Wegberg: Besser geht's nicht
Der mit sechs Grammy-Nominierungen bedachte Mike Stern (links) war mit fantastischer Bandbesetzung nach Wegberg gekommen: Didier Lockwood (2.v.r.), Steve Smith und Bassist Tom Kennedy (rechts). FOTO: Ruth Klapproth
Wegberg. Theo Krings sollte mit seiner Vorhersage Recht behalten: "Besser geht nicht - nur anders" hatte der Direktor des Heinsberger Internationalen Gitarrenfestivals im Vorfeld von Mike Sterns Auftritt im Wegberger Form versprochen. Von Angela Wilms-Adrians

Tatsächlich erlebten Freunde der Fusion-Szene beim Gastauftritt des Bostoner Musikers Mike Stern und seiner Kollegen einen elektrisierenden Abend, der die ohnehin hohen Temperaturen des Tages gefühlt in schwindelerregende Spitzenwerte katapultierte.

Der mit sechs Grammy-Nominierungen bedachte Stern war mit fantastischer Bandbesetzung gekommen: Didier Lockwood - der wie Stern mit Legenden wie Dave Brubeck, Miles Davis, Billy Cobham und Herbie Hancock auftrat, Steve Smith - fünfmal in Folge "No.1 All-Around Drummer" sowie 2001 einer der "Top 25 Drummer of All Time" - und schließlich Bassist Tom Kennedy.

Spannungsgeladen war der Einstieg: Mit virtuosem Spiel ließ Stern den Raum förmlich vibrieren. Die Themen waren reich umspielt, genial der Dialog mit dem fantastischen Drummer Steve Smith, die Musik ging unter die Haut. Begeisterter Jubel brandete auf, während das Quartett vorübergehend in ruhigere Rhythmen glitt.

Stern setzte sich nicht als Star in Szene - das hatte der 61-Jährige mit jungenhaftem Lächeln bereits bei seiner unauffälligen Ankunft durch das allgemeine Getümmel und den Eingang für alle bewiesen. Er gab den Mitspielern Raum zur Entfaltung, so dass sich die Vier wie selbstverständlich die Bälle zuwarfen. Grandios waren die Soli des Geigers Lockwood, der sein Instrument dramatisch und energiegeladen aufheulen ließ, dann wieder unvermittelt weich und atmosphärisch in fesselnder Grandezza und packender Leidenschaft erklingen ließ. Kein Wunder: Lockwood hat seinen Entdecker und früheren Mentor, den legendären Stéphane Grapelli, längst beerbt und gilt heute als "der" Jazzgeiger weltweit.

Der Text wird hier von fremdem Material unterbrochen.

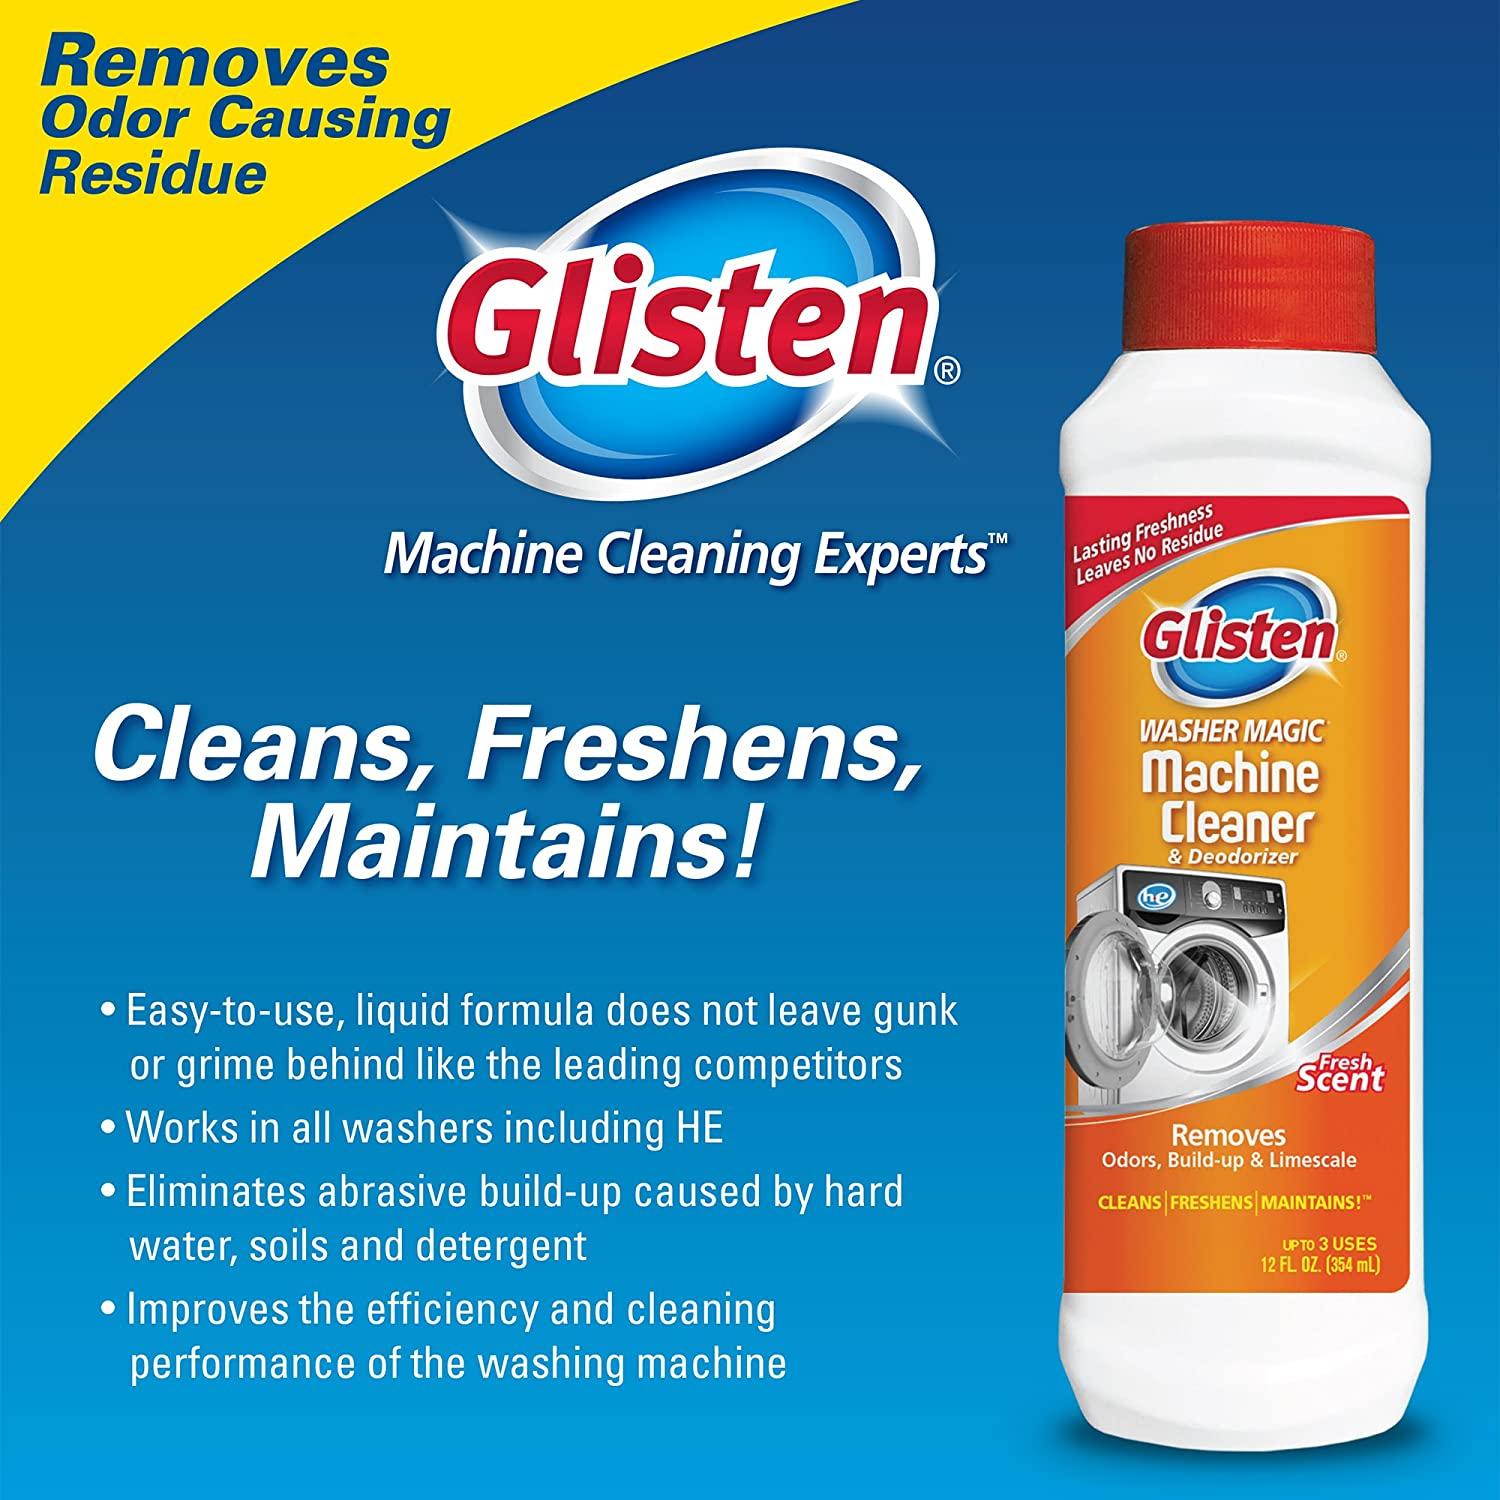 Glisten on Instagram: Glisten® Washing Machine Cleaner removes

Bassist Kennedy vollendete den ersten Durchlauf der Soli mit klanglichen Raffinessen und warm wummernden Ton. Gemeinsam verwandelte das Quartett die Bühne in einen Hexenkessel von magischer Ausstrahlung. Das Publikum lauschte staunend, fasziniert, dankte immer wieder mit jubelndem Beifall, während sich die Vier nicht ausbremsen ließen.

Zwischendurch gab es auch die Nummern, die zu Ruheinseln wurden, als filigrane, atmosphärisch berührende Klanggebilde betörten - so zum Beispiel wehmütig leichte Tonspielereien mit witzigen Variationen und virtuosen Kapriolen, wiederkehrende Sequenzen in schlichter Folge. Unvermutet versonnen anmutende Pizzicati des Geigers fanden ihr Pendant im sanften Vibrato der E-Gitarre, während Stern zudem sphärisch summend und singend die Töne schweben ließ.

Diese Musik zielte direkt aufs Herz und wuchs dann doch aus der Sanftmut zu temperamentvoll ausgebreiteter, üppiger Fülle im Verbund von Jazz und Rock. Unter die Haut ging ebenso der afrikanisch inspirierte Sprechrhythmus des Drummers, der auf beeindruckende Weise zündende Energie mit gut gelaunter Leichtigkeit verband. Auch Stern zeigte, dass er, wie bei virtuosen Grenzgängern üblich, auch als Sänger zum eigenen Spiel gute Figur macht. Im Set nach der Pause folgte auf ruhige Klänge eine grandiose Hommage auf die große Gitarrenikone Jimi Hendrix - klar, das Stern hier noch einmal alle Register zog. Umjubelter Ausklang, dem die Band noch eine Zugabe aufsetzte.